Lot n° 163

BEAUVOIR Simone de (1908-1986). — 2 L.A.S. « Votre charmant castor », [Espagne 13-14 et 30 juillet 1954], à Jean-Paul SARTRE ; 6 pages in-4 et 2 pages oblong in-8, et 5 pages et demie in-4, enveloppes.

Estimation : 1000 - 1200
Adjudication : 5 200 €
Description
Lettres à Sartre pendant un voyage en Espagne.

[Du 9 juillet au 12 août 1954, Simone de Beauvoir est partie avec Jacques Lanzmann en Espagne, alors que Sartre se repose en Italie avec Michelle Vian, après un accident de santé.]
Mardi [13] et Mercredi 14. Elle raconte au « Cher petit vous autre » (en évoquant les souvenirs de précédents séjours avec Sartre) le voyage, qui a commencé par les gorges du Tarn, puis Perpignan, Cadaquès, Figueras, Gérone : « nous avons visité la cathédrale, superbe, avec une immense nef unique, au bout d'un escalier monumental. Nous avons même un peu écouté la messe, dite par cinq curés et chantée par dix autres.

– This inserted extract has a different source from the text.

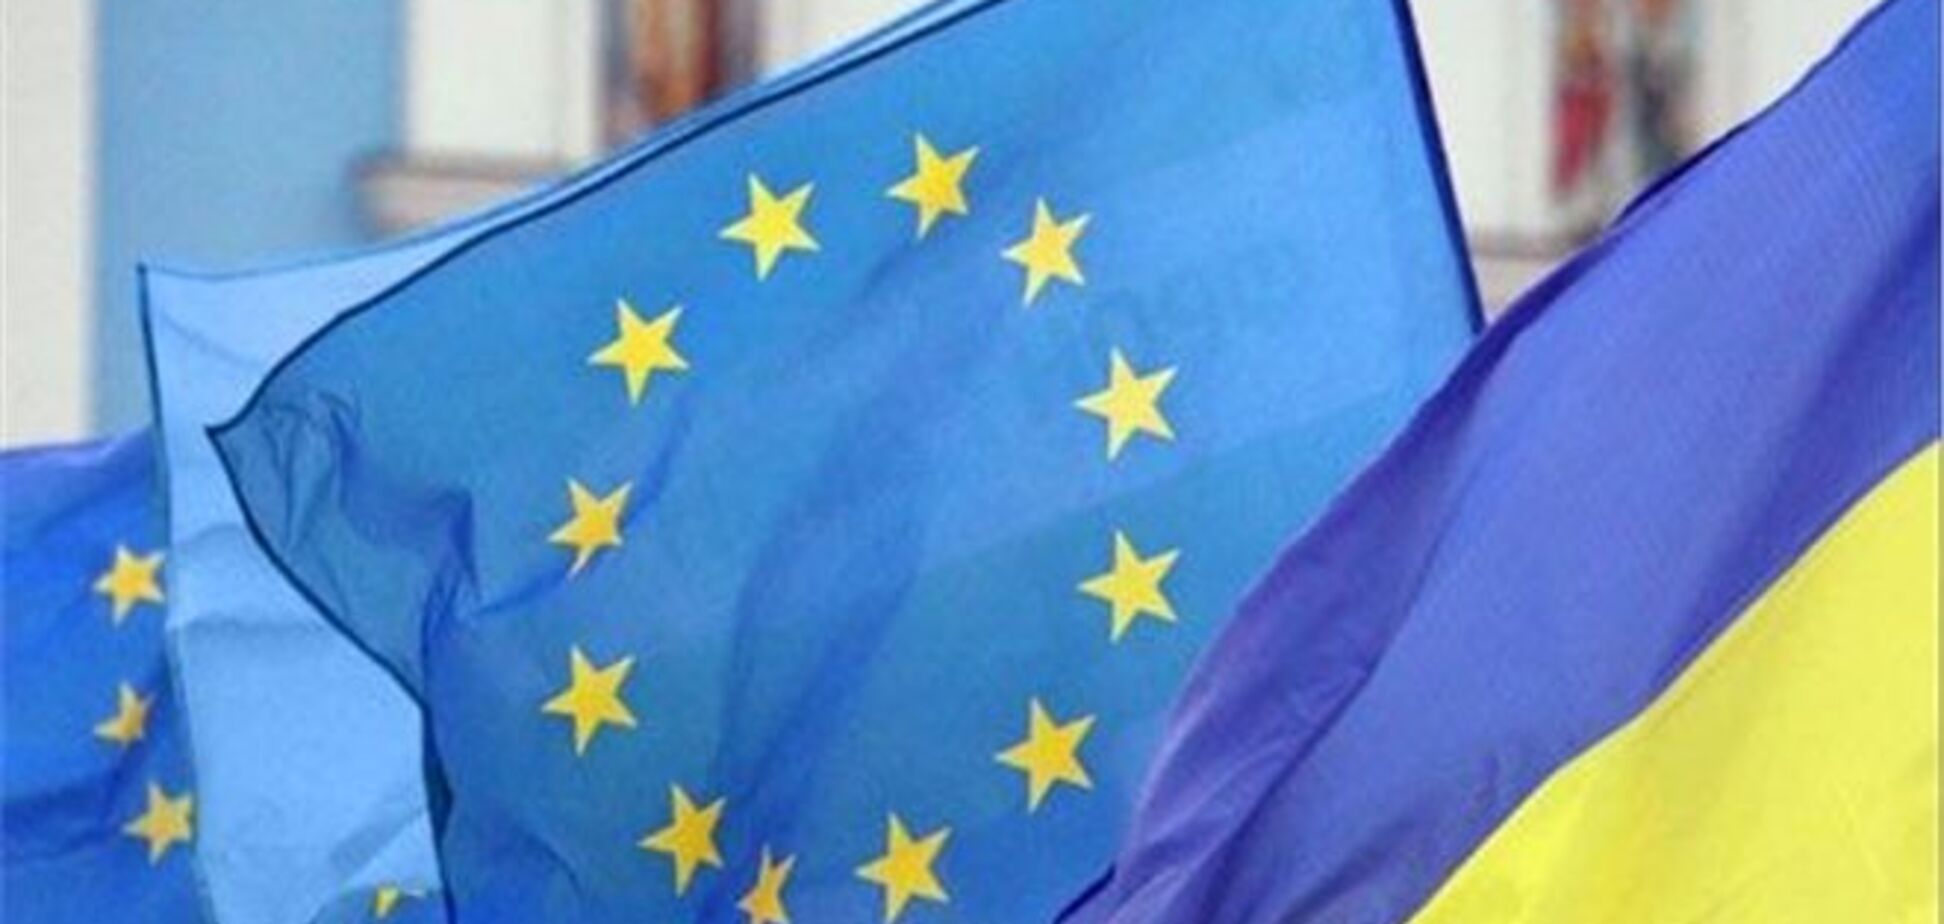 Посол ЄС: на переговорах про асоціацію на Україну ніхто не тиснув

Petits cloîtres, petites églises, belles places, beaux remparts, Gérone est une vraie merveille »...
Puis c'est Barcelone : les Ramblas grouillant de monde, le Barrio Chino, cabarets le soir. « Ce matin L. travaille pendant que je vous écris. [...] C'est dur de trouver le temps de travailler, mais on y arrive »... L'impression joyeuse se dissipe après une visite de « quartiers misérables »... « Le paradoxe c'est que le plaisant de Barcelone vient de ce que les gens sont si sympathiques - mais que ça semble d'autant plus dégoûtant qu'on les laisse vivre dans cette ordure »... Dîner au Tibidabo « chez les riches, dans un jardin illuminé et on s'est bien diverti à les regarder »... Elle recommande au « cher petit vous autre » de bien se reposer. « Je pense tout le temps à vous mais je ne fais plus de cauchemar et j'espère que j'ai raison »... (Au dos de l'enveloppe adressée à Rome, notes et signatures de Sartre).

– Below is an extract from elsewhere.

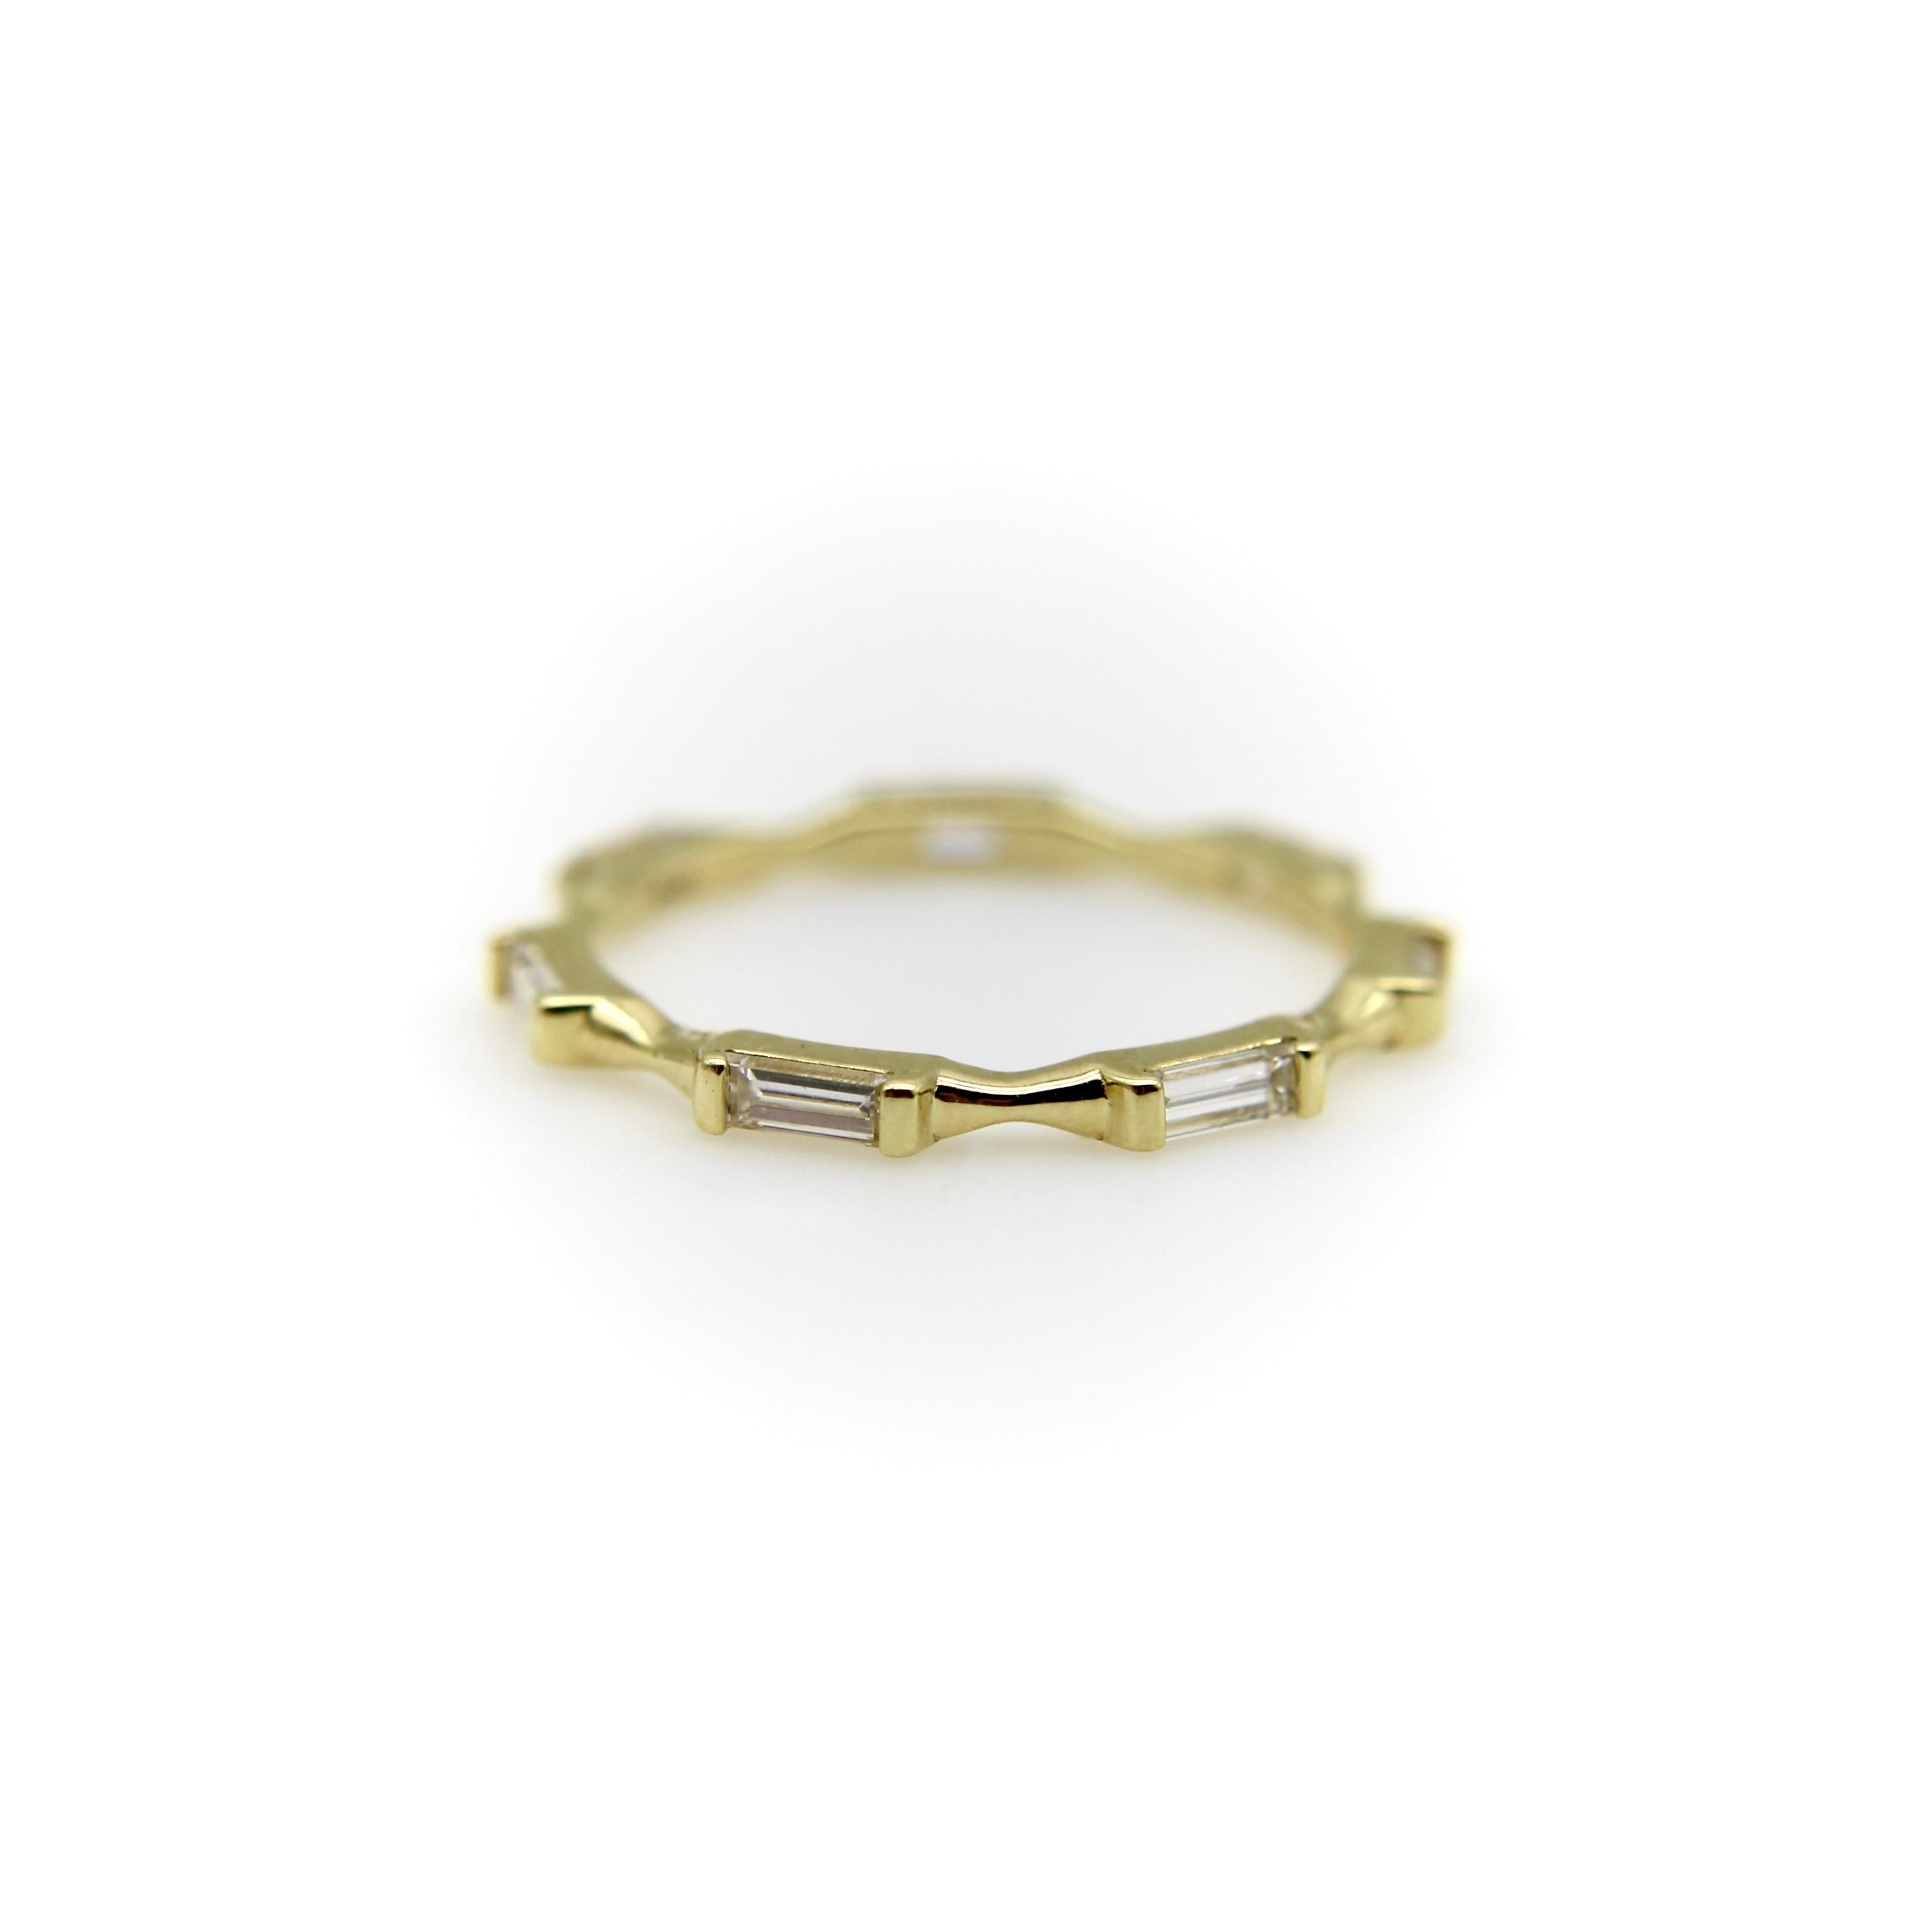 Diese moderne Variante des klassischen Ewigkeitsrings ist Teil der charakteristischen Kollektion von Kirsten's Corner. Der Ring besteht aus sieben horizontal gefassten Baguette-Diamanten in 18 Karat Gold. Das Band zwischen den einzelnen Diamanten

Vendredi [30]. Elle est à Séville (Sartre à Capri) : « c'est toujours l'enchantement d'être en Espagne ». Avant de quitter Grenade, arrêt à l'endroit « où Boabdil regarda pour la dernière fois Grenade en pleurant ». Ils passent deux jours à travailler dans « une chambre sur une petite plage déserte » près de Malaga, assistant à une course de taureaux à la Linea près de « Gil Braltar ». Puis c'est Tarifa, Cadix, Ronda, avant d'arriver à Séville : « L'Alcazar ne mérite pas qu'on le visite, mais la Cathédrale est belle et surtout la Giralda. Mais l'essentiel ce sont les rues ». Dans l'Alameda, « les bars sont pleins de putains, monstrueuses ou charmantes, très misérables, avec des fleurs dans les cheveux » ; une petite les emmène dans un salon de danse : « Ensuite elle m'a supplié de l'emmener comme bonne à Paris »... Etc.